While up on the roof and getting my massage we heard the evening call to prayer reverberate across the city from the hundreds of mosques scattered below. The call to prayer is broadcast so that no one could possibly miss it, on speakers pointing in the 4 cardinal directions from the tops of the mosque towers. Combined with all the other noises of the busy city below, it felt like we were in the middle of a surreal humming cloud of sound hovering just above it all.

Something more to celebrate. Mark received an email from my mom with good news from home. He has officially finished each and every step of his architectural internship. So with Mark now a fully fledged architect we went for celebratory drinks on another cool rooftop terrace, and enjoyed some of the tastiest olives yet .

Dinner at Riad Carina

We went back to our riad, which just might be one of my favourite places in the world, for dinner. A perfect little table had been set for us on the terrace, complete with a handwoven Berber tablecloth and rose petals scattered atop. We feasted on a succulent tagine of chicken with preserved lemon and olives, and the most flavourful gravy ever to have delighted my tastebuds. It was nearly as good as a thanksgiving dinner back home. I’ll cut myself off from rambling by reiterating that the day was perfection and magic. I already can’t wait to go back to Marrakesh.

Thanks everyone so so much for wishing me a happy b-day. Reading all the greetings helped make it the best day ever. Internet rules! I’d love to write everyone back but I hope you’ll forgive me if I don’t get a chance as free WiFi is sometimes hard to come by.

Comments

    I’m glad you had such a great birthday Meghan! Reading your post was so enjoyable. Never in my life have I met someone who can describe food as well as you do. Keep up the great posts!

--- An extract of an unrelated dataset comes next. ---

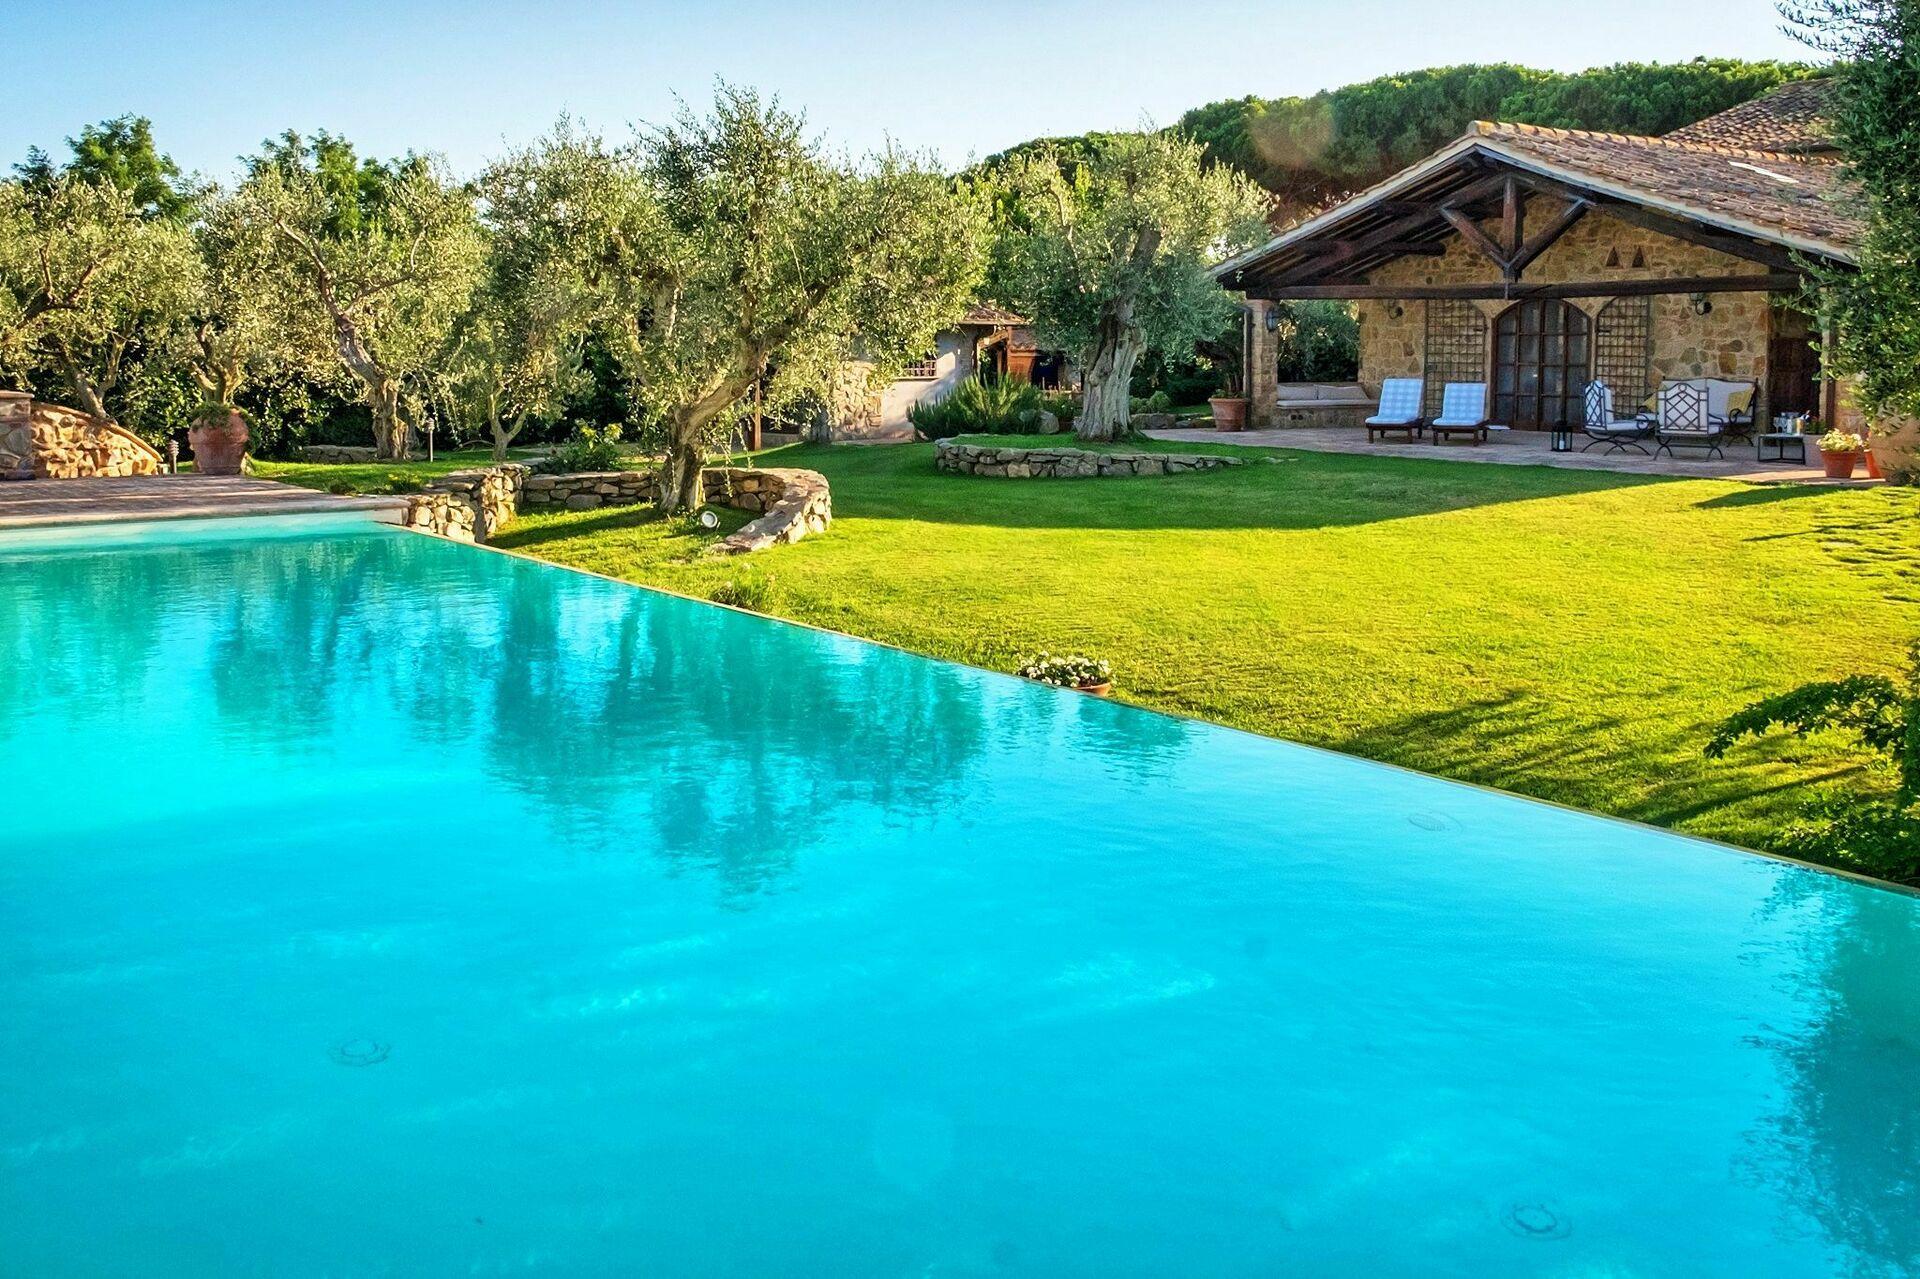 Villa Capalbio Holiday Villa Rental In Capalbio Maremma Tuscany 12 Sleeps In 5 Bedrooms Vacation Rental In Capalbio Maremma Tuscany Italy

    Your birthday sounds amazing!! I’m so happy for you. Can’t wait to see Marrakesh photos.
    And congratulations Mark!

    Nice stuff guys!
    Living life good.
    Peace.

    I’m so glad to read that you had an amazing birthday, Meg. What a memorable day for your 29th and for a lifetime. Lots of love to you and your brilliant architect. Safe travels.

  1. Leslie Shier

  2. I loved Morocco as well in the 70’s, also would like to go back. Our Turkey trip went well, I had a haman and lost lots of skin too. Turkey is waaaay better than Greece. Congratulations to Mark.

  3. Mother Goose

  4. Meghan, I’m so happy you had the best day of your life. Wait til you have kids, they will be the only events that could possibly overtake turning 29 in Marakesh. I love your stories. Keep them coming… Love Mom

  5. Bruce the Moose

  6. Meg – I am so glad everything came together in Marakesh for your bday. Your writing was the best yet and I felt I was there reading it. I am so happy for you – Mark too.
    Dad

    Better late then never-happy belated-Marekesh will have to be on my list of places to go.

    Reading your birthday blog almosts matches the Twilight series story ;)
    Sounds like a beautiful day.

    Aw thanks dad! It was pretty swell.

    haha, now I definitely have to read Twilight! If only I can get my hands on an English copy.

    Thanks man! I must hear all about Japan. Hope you’re finding things.

    Haha, I was wondering how much it may have changed in the past 30 years. We met a man who hadn’t been since the 70s and he said it hadn’t all that much. Except that more people were wearing western clothes. The cars were probably the exact same – they were ancient! I couldn’t believe the hammam. I really hope we get a chance to see Turkey now. Thanks so much for the rci stay in Spain – we’re loving it. Happy Birthday to you too!